Christmas Countdown: 7 Days to Go!

December 19th! He’s GETTING CLOSER! As part of our countdown to Christmas, I thought it’d be fun to post a classic Christmas commercial every day until Christmas Day (and maybe a few days after) to get us all into the holiday spirit.

Today’s classic is the “Noelco” campaign of the late ’60s and ’70s which was revived by Norelco in 2011. This campaign built on the runaway success of the Rankin/Bass production of Rudolph the Red-nosed Reindeer, which premiered in 1964 and has essentially defined the look of Christmas for more than half a century, in much the same way that Coca-Cola has defined the look of Santa.

From Wikipedia:

Rudolph the Red-Nosed Reindeer is a 1964 Christmas stop-motion animated television special produced by Videocraft International, Ltd. (later known as Rankin/Bass Productions) and currently distributed by Universal Television.
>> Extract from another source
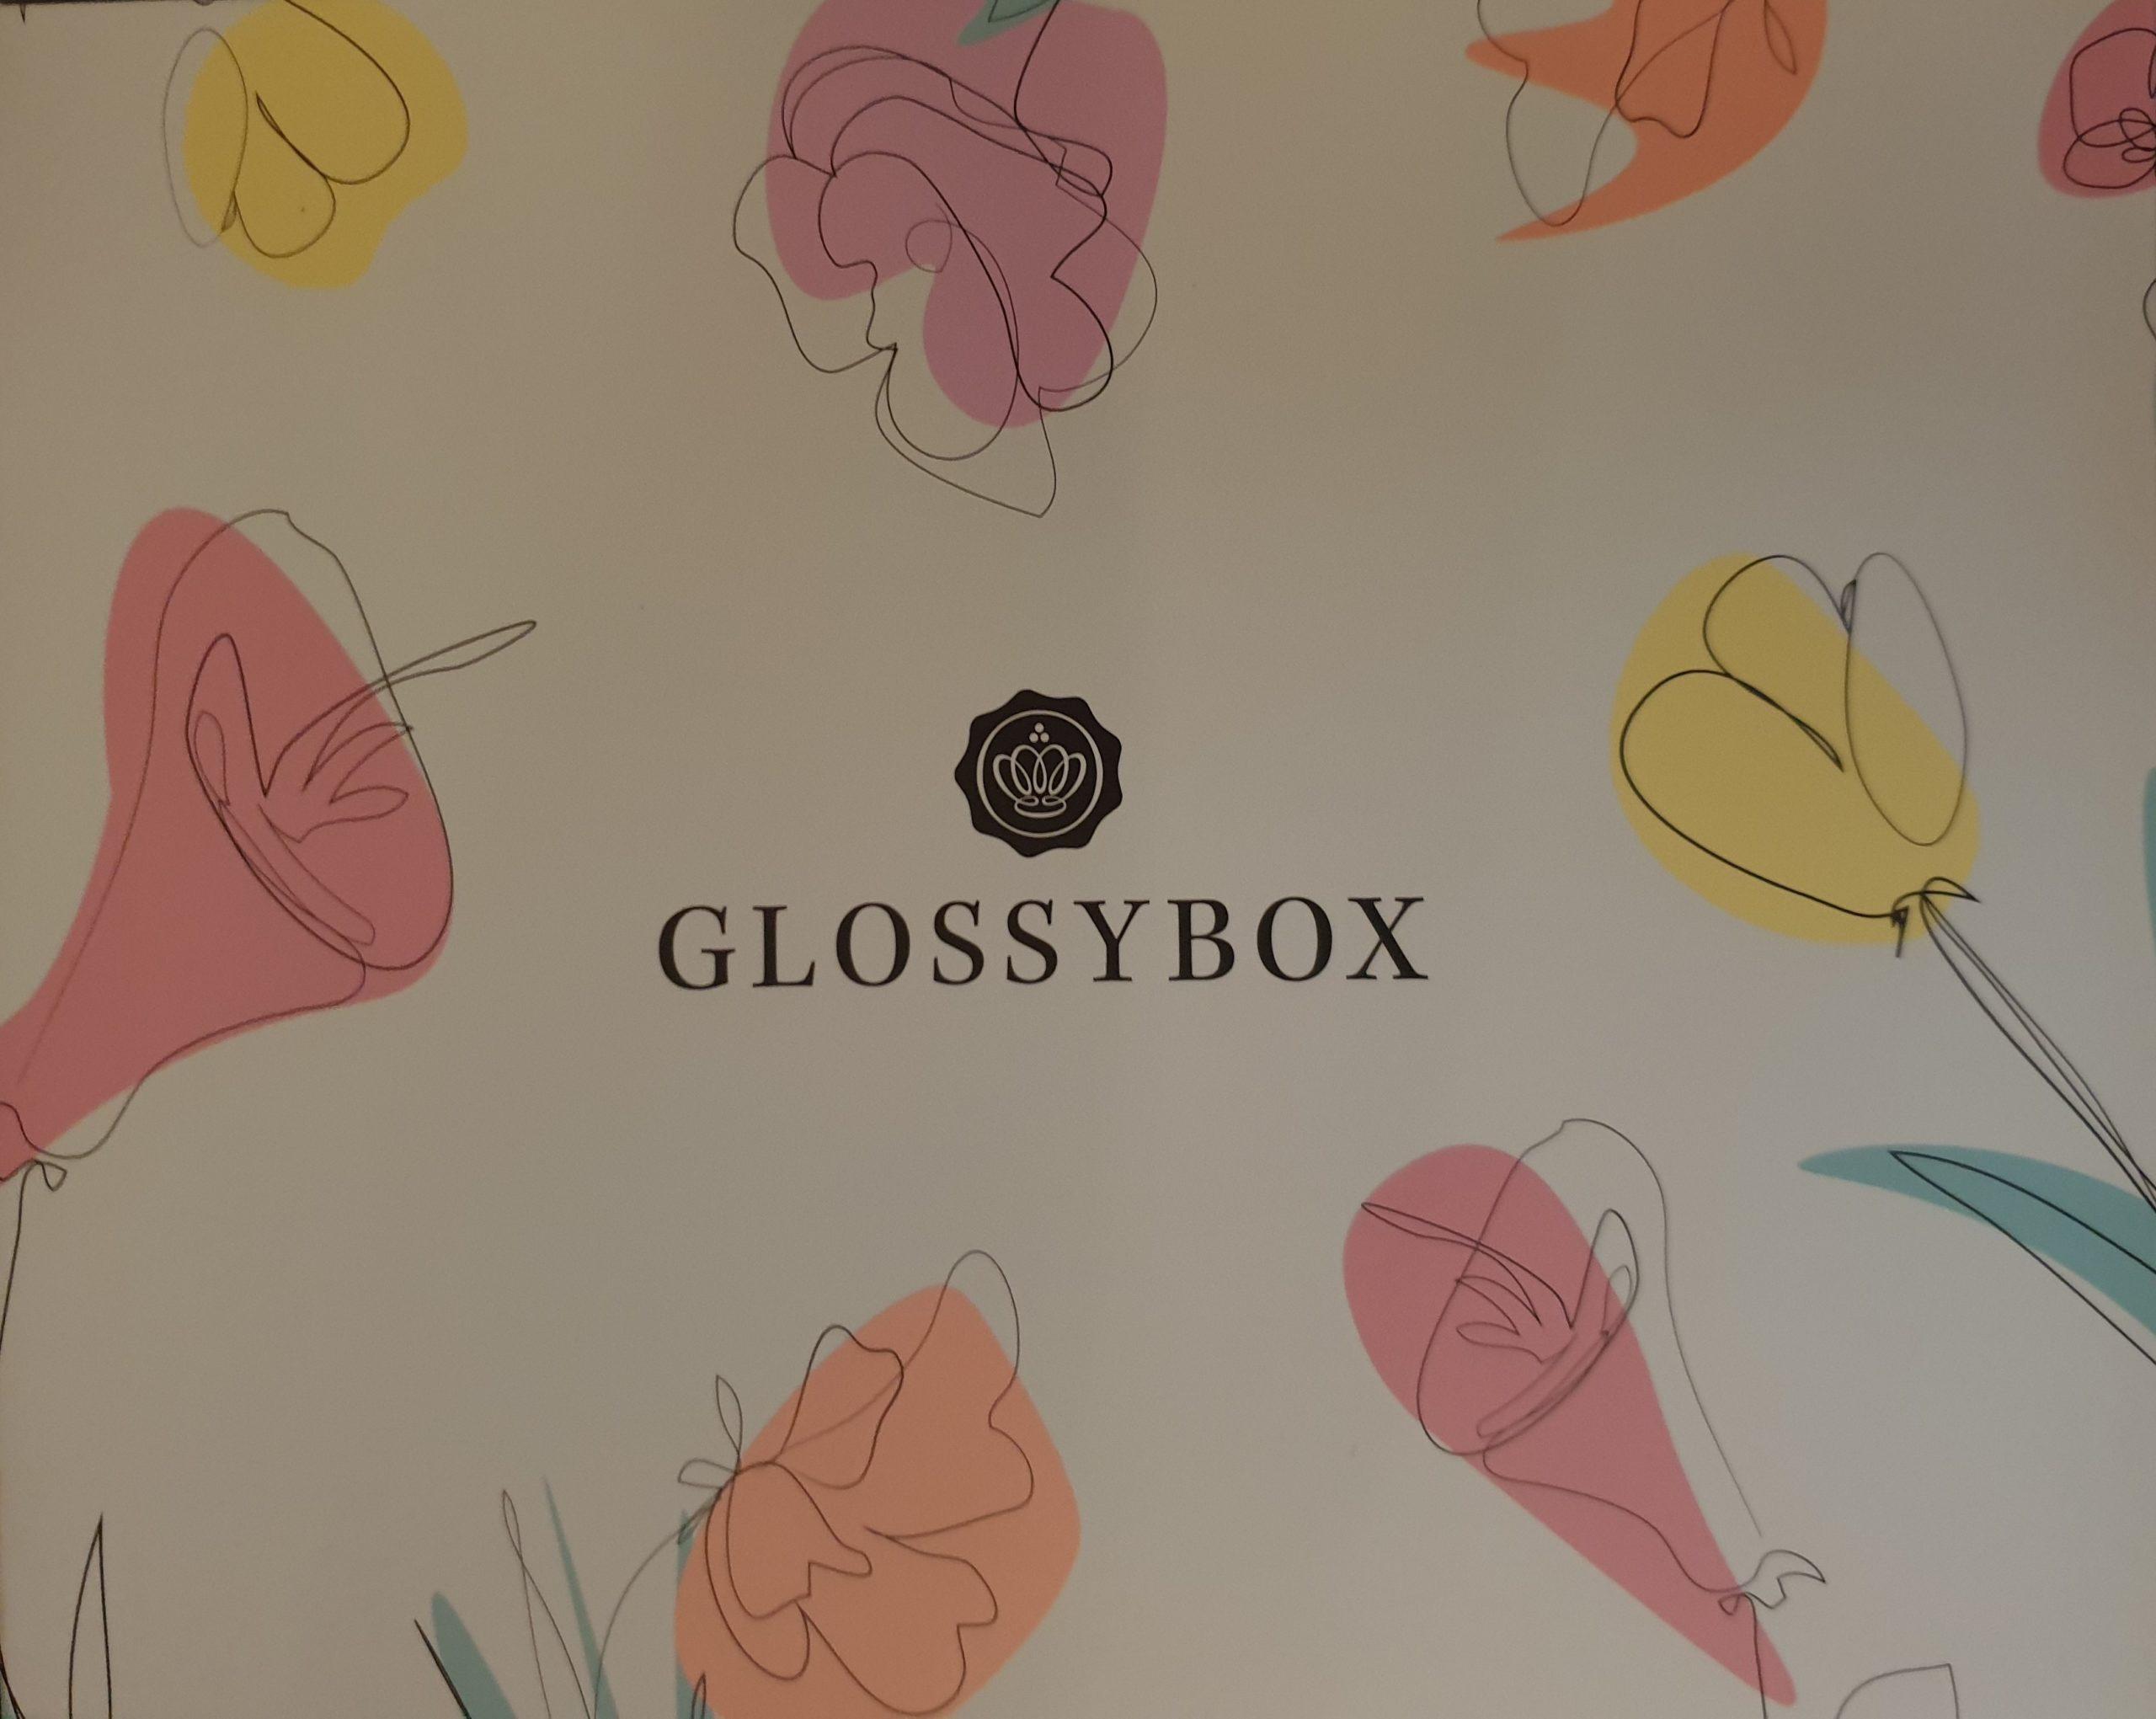 Muttertag Glossybox 2021

It first aired Sunday, December 6, 1964, on the NBC television network in the United States, and was sponsored by General Electric under the umbrella title of The General Electric Fantasy Hour. The special was based on the Johnny Marks song “Rudolph the Red-Nosed Reindeer” which was itself based on the poem of the same name written in 1939 by Marks’ brother-in-law, Robert L. May. Since 1972, the special has aired on CBS, with the network unveiling a high-definition, digitally remastered version of the program in 2005. As with A Charlie Brown Christmas and How the Grinch Stole ChristmasRudolph no longer airs just once annually, but several times during the Christmas and holiday season on CBS. Unlike other holiday specials that also air on several cable channels, Rudolph only airs on CBS. It has been telecast every year since 1964, making it the longest continuously running Christmas TV special in history. 2014 marked the 50th anniversary of the television special, and a series of postage stamps featuring Rudolph was issued by the United States Postal Service on November 6, 2014.

It’s an interesting ad in that it manages to pack 5 product demos and a ton of charm into 30 seconds. I’m not so sure that the snowpeople under the hot lamp and the hair dryer are going to turn out OK … but that’s the beauty of short-form film … you don’t have to hear the screams of melting anguish after the ad ends.

30 seconds which sell with charm (and product demos). Merry Christmas!